What the bootstrap estimates

The bootstrap distribution of \(\hat{\theta}^*\) centered at \(\hat{\theta}\) approximates the sampling distribution of \(\hat{\theta}\) centered at \(\theta\). From this, we can estimate:

Standard error: \(\widehat{\text{SE}}_\text{boot} = \text{SD}(\hat{\theta}^*_1, \ldots, \hat{\theta}^*_B)\).
Bias: \(\widehat{\text{Bias}}_\text{boot} = \bar{\hat{\theta}}^* - \hat{\theta}\), where \(\bar{\hat{\theta}}^*\) is the mean of bootstrap estimates.
Confidence intervals: percentile, basic, BCa (covered in the bootstrap CI post).
Sampling distribution shape: useful for detecting skewness or multimodality.

Line chart showing how bootstrap standard error of the mean converges as the number of bootstrap replications increases

The bootstrap SE converges quickly: by \(B = 500\) it is already close to the analytical value.
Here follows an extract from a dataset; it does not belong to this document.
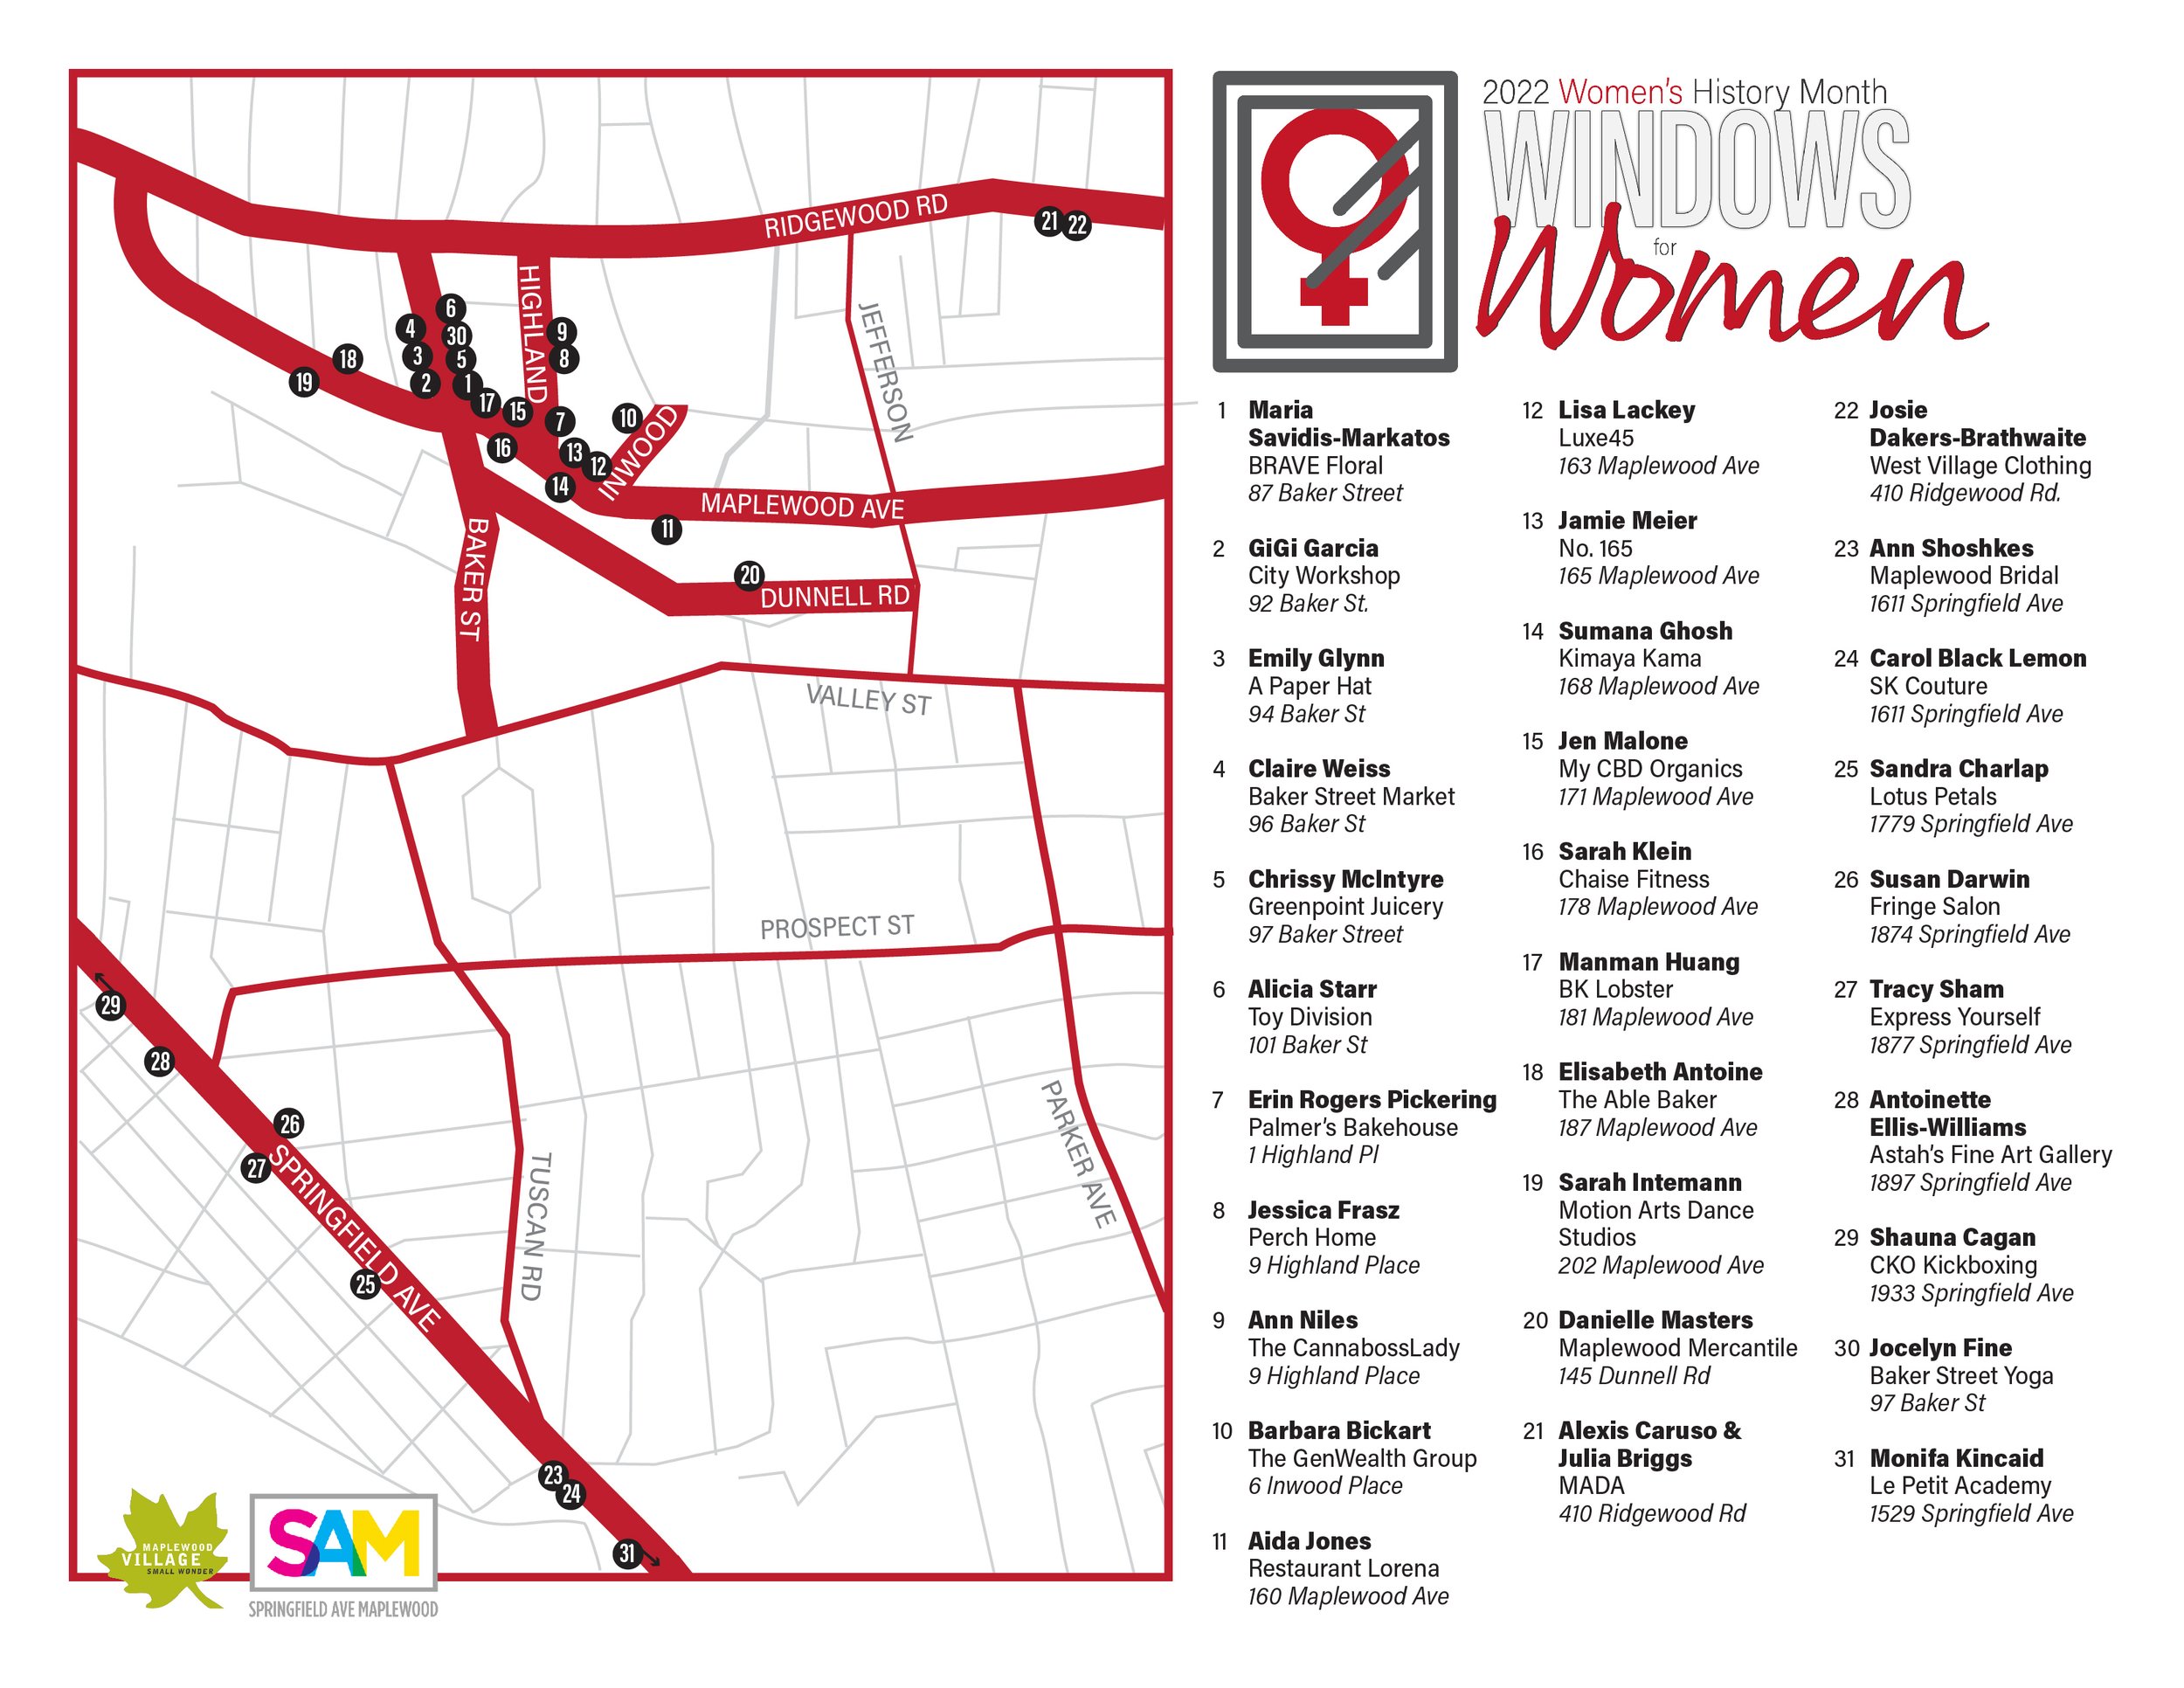 Map for Maplewood Windows for Women women's history month program in Maplewood NJ
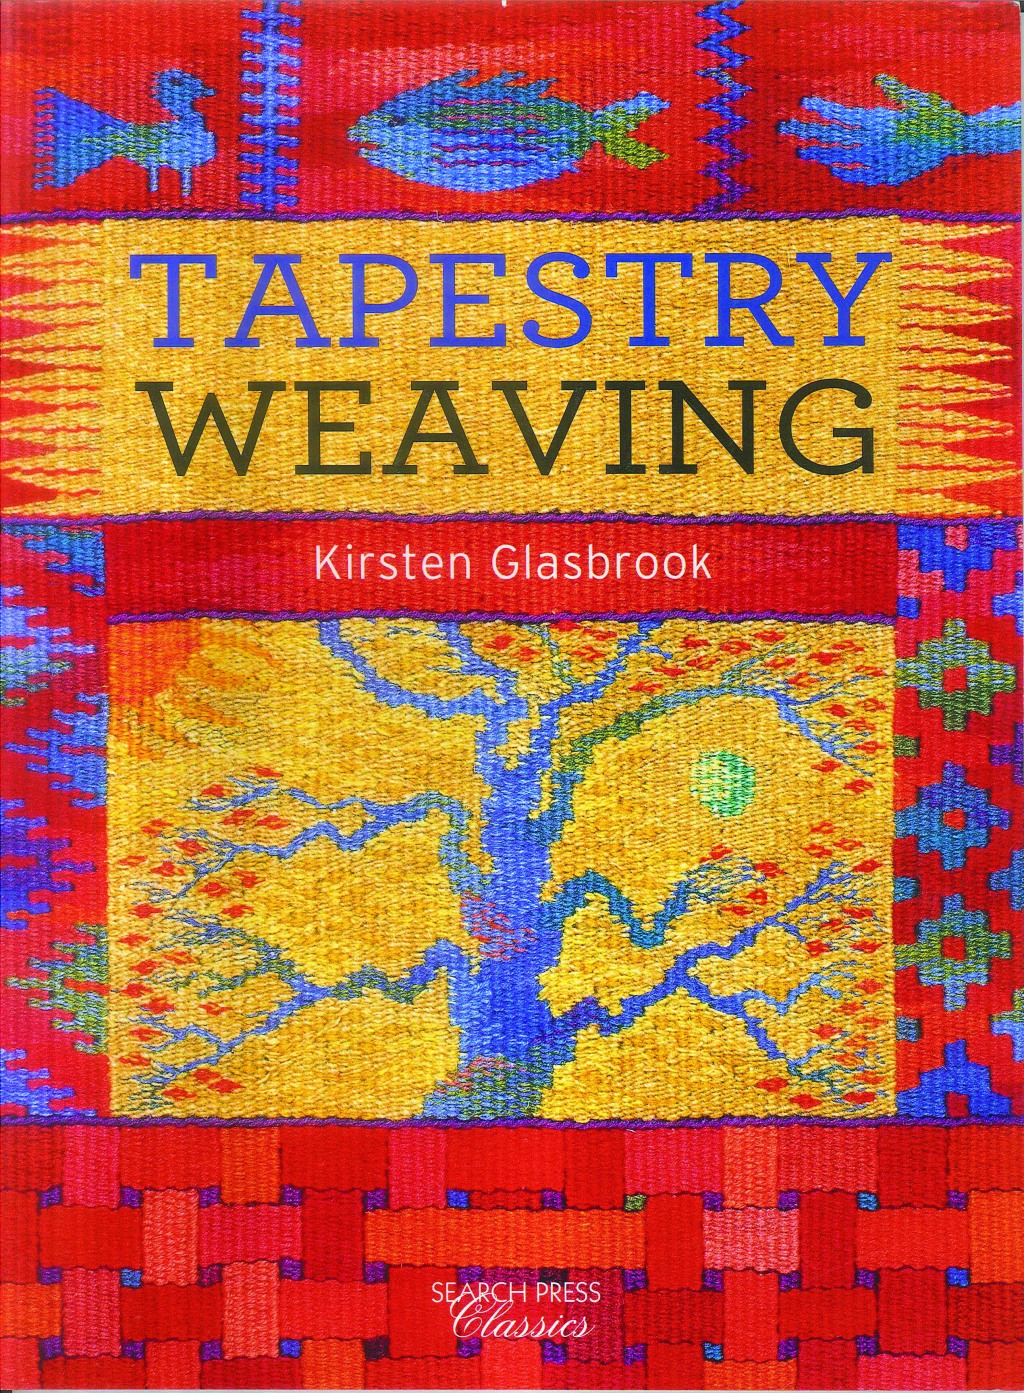 Why Tapestry Weaving?

For confidence intervals, larger \(B\) (typically 2,000–10,000) is recommended for stability in the tails.

Why it works

The bootstrap is justified by the plug-in principle: replace the unknown population distribution \(F\) with the empirical distribution \(\hat{F}_n\) (which places probability \(1/n\) on each observed value). Any functional of \(F\) (mean, variance, quantile) can then be estimated by the corresponding functional of \(\hat{F}_n\).

Resampling with replacement from the original sample is equivalent to sampling from \(\hat{F}_n\). As \(n \to \infty\), \(\hat{F}_n \to F\) (by the Glivenko-Cantelli theorem), so the bootstrap approximation improves with larger samples.

Limitations

⚠️ When the bootstrap fails or performs poorly

The bootstrap is not universally valid. It can fail when:

Small samples: \(\hat{F}_n\) is a poor approximation of \(F\) with few observations. The smoothed bootstrap (next post) partially addresses this.
Extreme quantiles: estimating the 99th percentile from \(n = 50\) observations is unreliable even with bootstrap, because the tails of \(\hat{F}_n\) are poorly estimated.
Dependent data: standard bootstrap assumes i.i.d. observations. For time series, use block bootstrap or circular block bootstrap.
Non-smooth statistics: the bootstrap can be inconsistent for statistics like the sample maximum or statistics with discontinuities.

When the bootstrap fails, parametric bootstrap (assuming a specific distributional family) is often a better alternative.

💡 How many bootstrap replications?

Standard error estimation: \(B = 200\)–\(500\) is usually sufficient.
Percentile confidence intervals: \(B = 1{,}000\)–\(2{,}000\).
BCa confidence intervals: \(B = 5{,}000\)–\(10{,}000\) for stable results.
Hypothesis testing p-values: \(B \geq 10{,}000\) for p-values near the significance threshold.

In R: boot::boot(data, statistic, R = 1000). The statistic function must accept the data and an index vector as arguments.